There are two main methods:
1. Start from the graph
The inspiration for this scheme comes from: https://www.cnblogs.com/sikyadjy/p/6861692.html
Here I re-summarize the original author's three steps:
1) First output the parameter variables of the layer
variables_names = [v.name for v in tf.trainable_variables()]
values = sess.run(variables_names)
for k, v in zip(variables_names, values):
print "Variable: ", k
print "Shape: ", v.shape
print v
2) Set the learning rate of the front and rear layers.
For example, use a lower learning rate to fine-tune the parameters of the first 20 layers (20 layers have about 40 parameters, 20 weights, and 20 bias)
var1 = tf.trainable_variables()[0:40]
var2 = tf.trainable_variables()[40:]
train_op1 = GradientDescentOptimizer(0.00001).minimize(loss, var_list=var1)
train_op2 = GradientDescentOptimizer(0.0001).minimize(loss, var_list=var2)
train_op = tf.group(train_op1, train_op2)
3) Load the pre-trained model for fine-tuning
Note: (Note:)
In my experiments, according to the original author's method, when I loaded the pre-trained ckpt, there was always an error.
To sum up, the reason may appear in the graph. In fine-tuning, two train_op1 and train_op2 are set. However, there is only one train_op in my pre-trained model, which may not correspond here, resulting in an error when loading the weights.
The changes are as follows: It is also set to two train_ops during pre-training, but the learning rate is adjusted to be the same.
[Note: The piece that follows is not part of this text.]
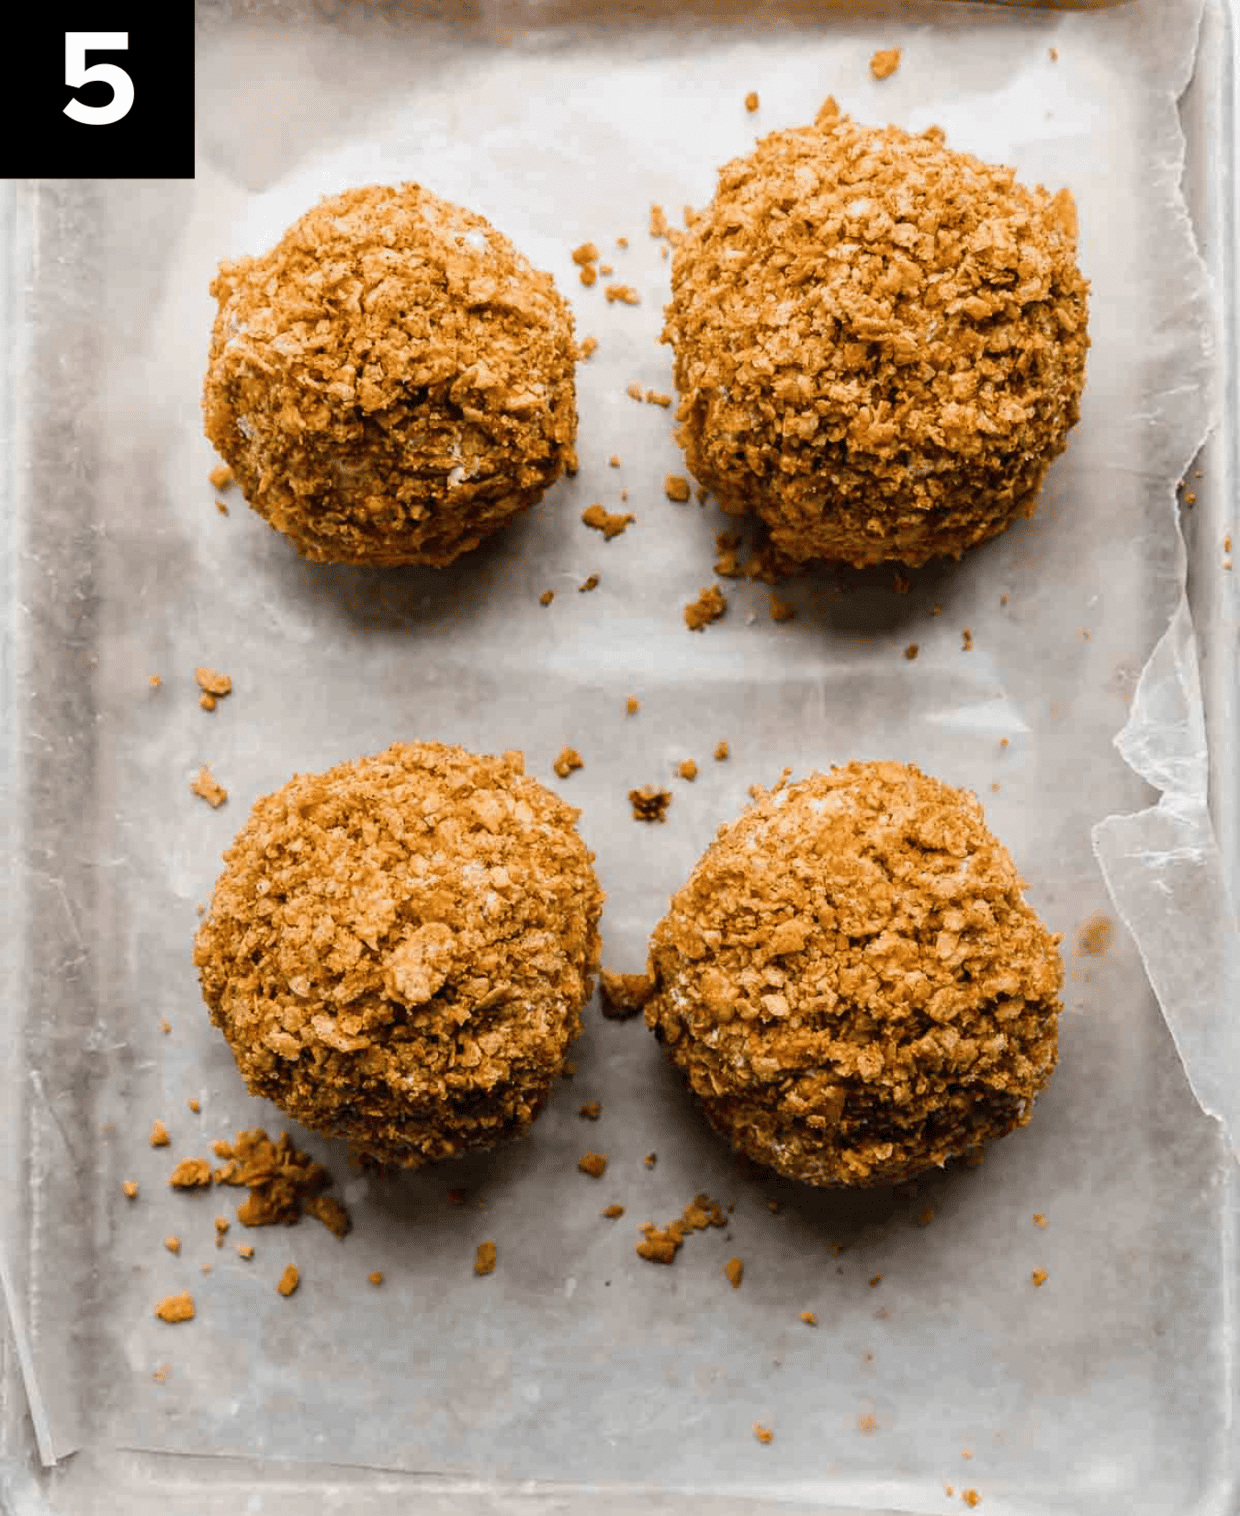 4 No fry Fried Ice Cream balls covered in crushed cornflake cereal on a baking sheet.

Retrain the model, and it's ready to load.
Summary: This method obviously has limitations, resulting in the graph of the previous pretrained model must be adjusted according to fine-tuning
2. Start with the reverse gradient
This inspiration comes from: http://blog.csdn.net/liyuan123zhouhui/article/details/69569493
Here is the code from the original author:
#tensorflow 中从ckpt文件中恢复指定的层或将指定的层不进行恢复:
#tensorflow 中不同的layer指定不同的学习率
with tf.Graph().as_default():
#存放的是需要恢复的层参数
variables_to_restore = []
#存放的是需要训练的层参数名,这里是没恢复的需要进行重新训练,实际上恢复了的参数也可以训练
variables_to_train = []
for var in slim.get_model_variables():
excluded = False
for exclusion in fine_tune_layers:
#比如fine tune layer中包含logits,bottleneck
if var.op.name.startswith(exclusion):
excluded = True
break
if not excluded:
variables_to_restore.append(var)
#print('var to restore :',var)
else:
variables_to_train.append(var)
#print('var to train: ',var)
#这里省略掉一些步骤,进入训练步骤:
#将variables_to_train,需要训练的参数给optimizer 的compute_gradients函数
grads = opt.compute_gradients(total_loss, variables_to_train)
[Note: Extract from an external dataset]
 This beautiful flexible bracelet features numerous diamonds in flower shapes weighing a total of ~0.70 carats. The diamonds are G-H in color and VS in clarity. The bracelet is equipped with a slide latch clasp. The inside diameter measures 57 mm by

#这个函数将只计算variables_to_train中的梯度
#然后将梯度进行应用:
apply_gradient_op = opt.apply_gradients(grads, global_step=global_step)
#也可以直接调用opt.minimize(total_loss,variables_to_train)
#minimize只是将compute_gradients与apply_gradients封装成了一个函数,实际上还是调用的这两个函数
#如果在梯度里面不同的参数需要不同的学习率,那么可以:
capped_grads_and_vars = []#[(MyCapper(gv[0]), gv[1]) for gv in grads_and_vars]
#update_gradient_vars是需要更新的参数,使用的是全局学习率
#对于不是update_gradient_vars的参数,将其梯度更新乘以0.0001,使用基本上不动
for grad in grads:
for update_vars in update_gradient_vars:
if grad[1]==update_vars:
capped_grads_and_vars.append((grad[0],grad[1]))
else:
capped_grads_and_vars.append((0.0001*grad[0],grad[1]))
apply_gradient_op = opt.apply_gradients(capped_grads_and_vars, global_step=global_step)
#在恢复模型时:
with sess.as_default():
if pretrained_model:
print('Restoring pretrained model: %s' % pretrained_model)
init_fn = slim.assign_from_checkpoint_fn(
pretrained_model,
variables_to_restore)
init_fn(sess)
#这样就将指定的层参数没有恢复
This operation does not need to define two train_ops, but splits a minimize optimization function into two parts: Optimizer.compute_gradient(), Optimizer.apply_gradients().
The operation is as follows:
1. First calculate the inverse gradient: Optimizer.compute_gradient()
2. Multiply the corresponding gradient of the parameters for which the model is only fine-tuned by a tiny number, reduce the gradient update, and store it through a variable capped_grads_and_vars.
3. Add the gradient to the graph to flow, then Optimizer.apply_gradients().
Compared with the two methods, the next one is obviously much more convenient, of course, it depends on the situation.